All Mens Dead – Planning, Shooting and Post Producing a great low budget short film

All mens dead is a short film from the National Film and Television School – NFTS

Synopsis 
“As the German blitz raids reach their 39th furhter air raids are to be expected at anytime…”
At BBC broadcasting House, Bruce Belfrage and the rest of the staff are preparing the nightly news for millions of anxious listeners, but when the building suffers a direct hit they must pull together to face a terrible choice. Inspired by true events.

 

Production

“NFTS All Men’s Dead was a particularly trying film to produce  – with an small budget, huge production design demands and set build, large cast & big ambitions.

The production kept a production blog throughout prep and shooting – allowing people to keep updated with the progress of the film, including the nitty gritty of how to recreate the BBC’s flagship broadcasting building – and then how to blow it up.

The whole film was shot on Stage One at the NFTS  except for the stairwells – which were filmed in BBC Broadcasting House. The completed set was over 2500 square foot in size and took two months to build (and three days to destroy!).”

The fim was shot in 4 days and I went to the shooting with my still camera, tools for measurements, distortion grids, tapes, etc. We shot grid lenses for 14mm, 18mm, 24mm, 35mm, 50mm and a grey card. I took several pictures of the location and objects that later on helped understand light conditions in the scene.  One of this pictures was used as a projection to transform a still image in a shot for the film. I drew on my notepad a lighting map making sure every light in the set was included on their exact location relate to the ground and camera.

Post Production

Compositing

The entire post production of All Mens Dead took more than 5 months. The Film had more than 45 Visual Effects Shots, including clean ups, roto, keying, 3D tracking, projections and so on. The 3D tracking was done in PFtrack which allowed exporting geometries and cameras to nuke, making easy afterwards to position objects in the nuke 3D Space.

The Film was shot on a 16mm SUPER ARRI SR3.  The scanned negative was delivery in DPX LOG Cineon 2k. Throughout the entire the post we kept LOG colorspace simulating KODAK’s LUT in The Foundry’s Nuke and Baselight, which gave a good idea where to go afterwards in the Grading.

Matte Painting

Matte painting artist Helen Brownell designed the look of London in the WW2. Wrecked buildings, debris, smoke, fire and even a bombarded bus were used in the final matte painting, which later was projected in 3D geometries in nuke allowing relight and minor adjustments of the shot in 2D without the need to go back to Maya.
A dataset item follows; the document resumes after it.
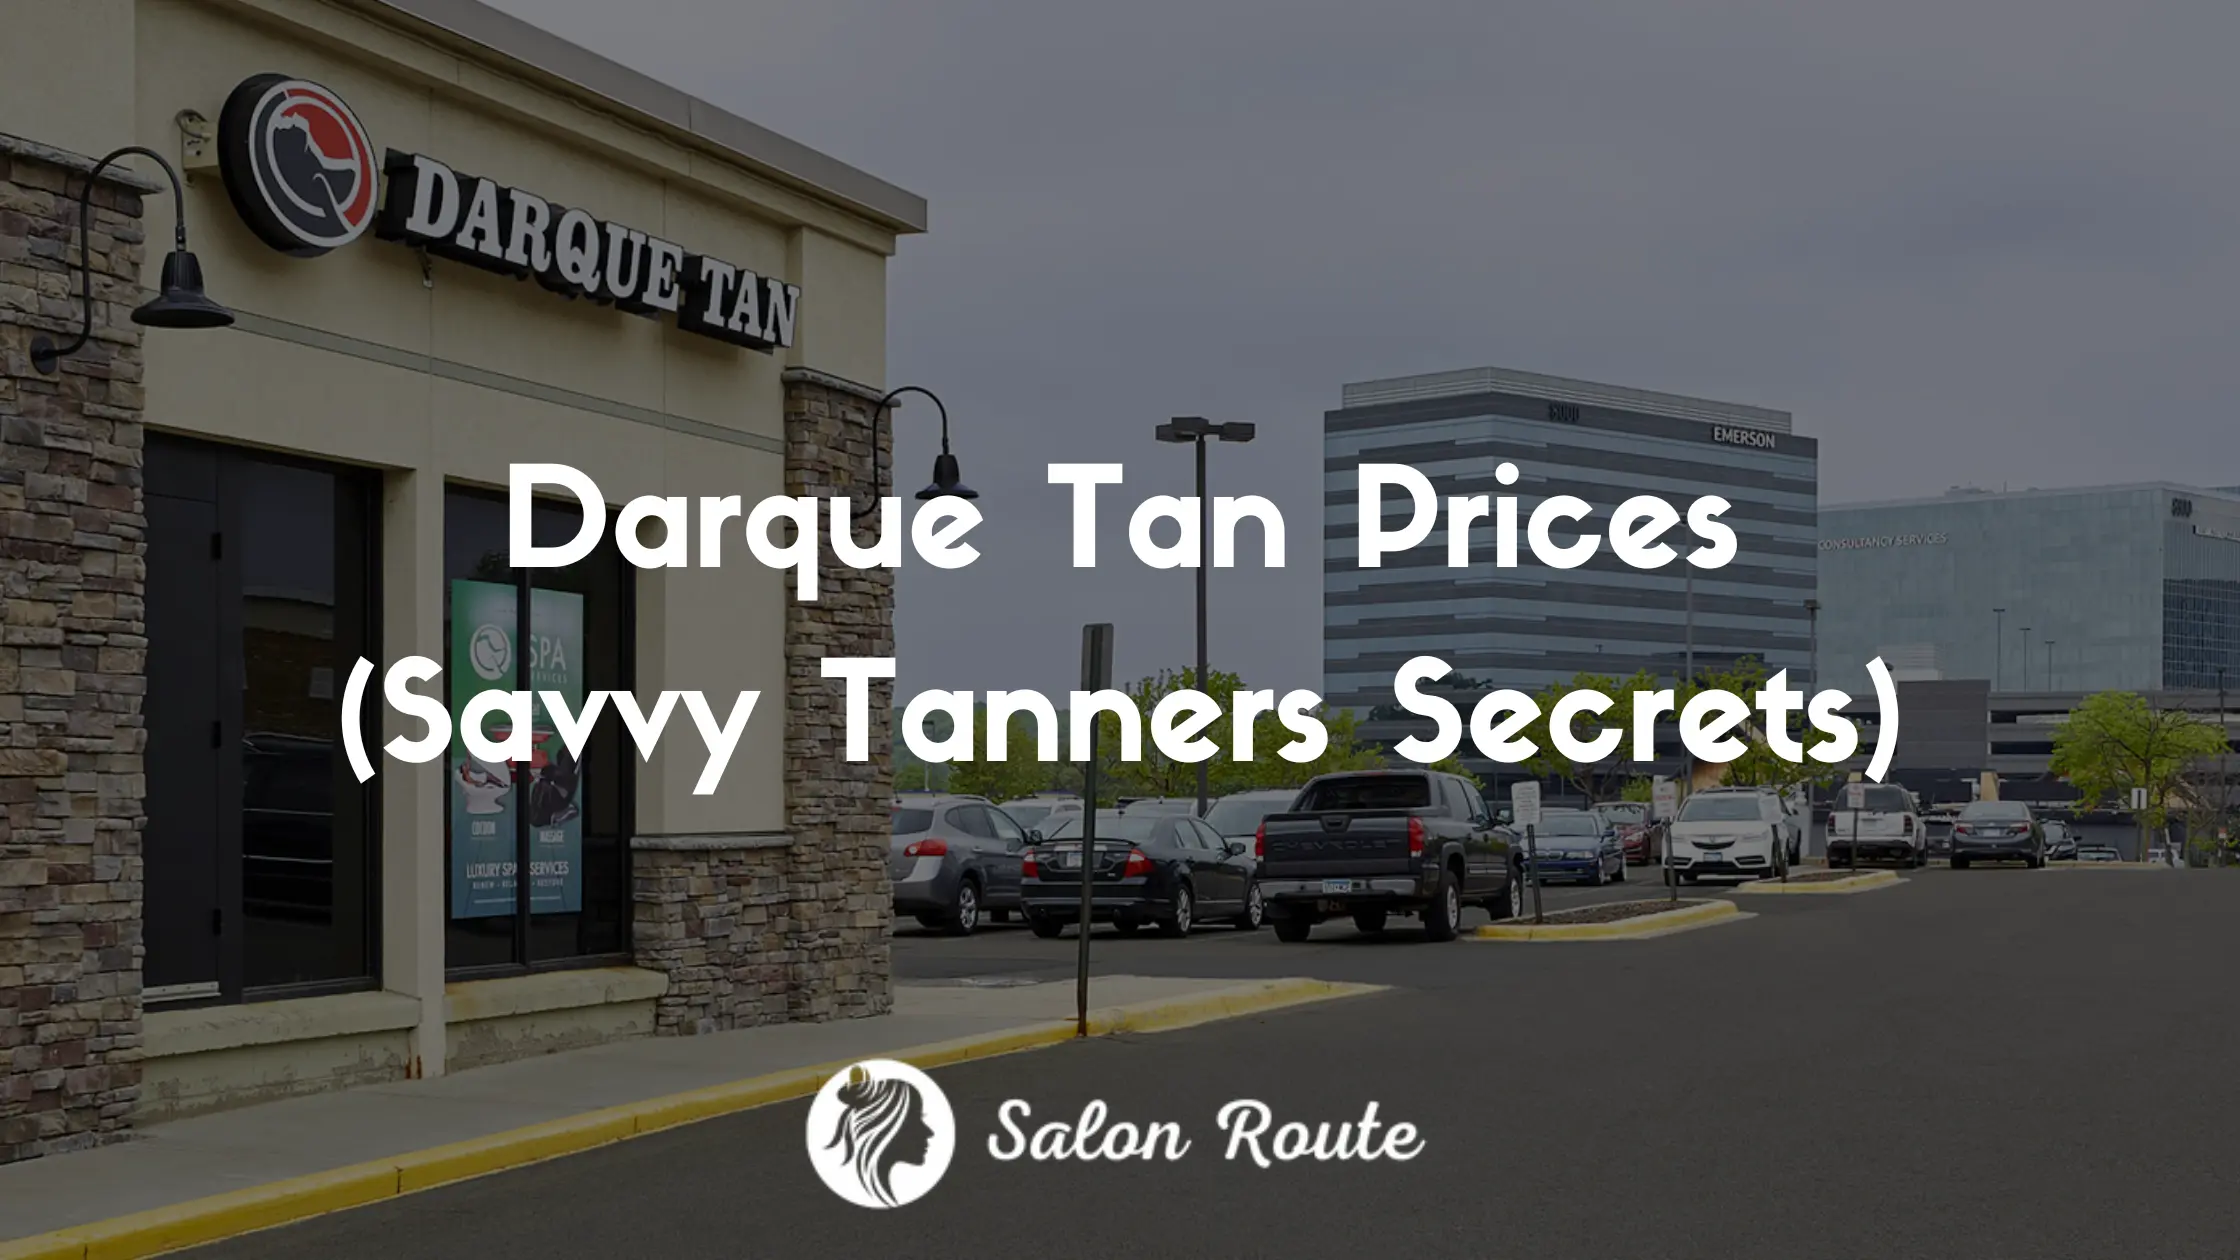 Darque Tan Prices (Savvy Tanners Secrets)

That saved a lot of time for the post.

Matte Painting – By Helen Brownell

Comp with Matte Painting and grading applied

Grading

The grading took 1 week in Baselight and was entirely done using a KODAK LUT as a starting point and building on the color layers after that. The fact that we kept all the post production in LOG it helped a lot to get the most out of the Fuji ETERNA Vivid 160T 8643 stock which I must say it is unbelievable low noise for a 16 mm negative. Plus the incredible amount of contrast and saturation, and the outstanding high dynamic range of  film made possible push the boundaries and explore new limits in the grading suite. We were all (DOP, Director and Colourist) really happy with the final look of the film. I think it was the right direction use a gritty, dirty, contrast look to immerse the audience into the storytelling, the most important part of the film.

Online

The Online was done in 3 days and it was where everything got together. A mix LTRT and 5.1 was brought in Autodesk Smoke to pair the DPX Log 10 bit Cineon from baselight. You could argue we lost 6 bit in the process from grading to online, however the crucial parts of the film (grading and compositing) were done in 16 bits so no problems for smoke to not use this information. After that, all the credits, clock, sound and picture (IN SYNC!) were extensively checked and the film was ready to go. A HDCAM tape and Cineon DPX were exported meaning the film was ready to go to festivals around the world.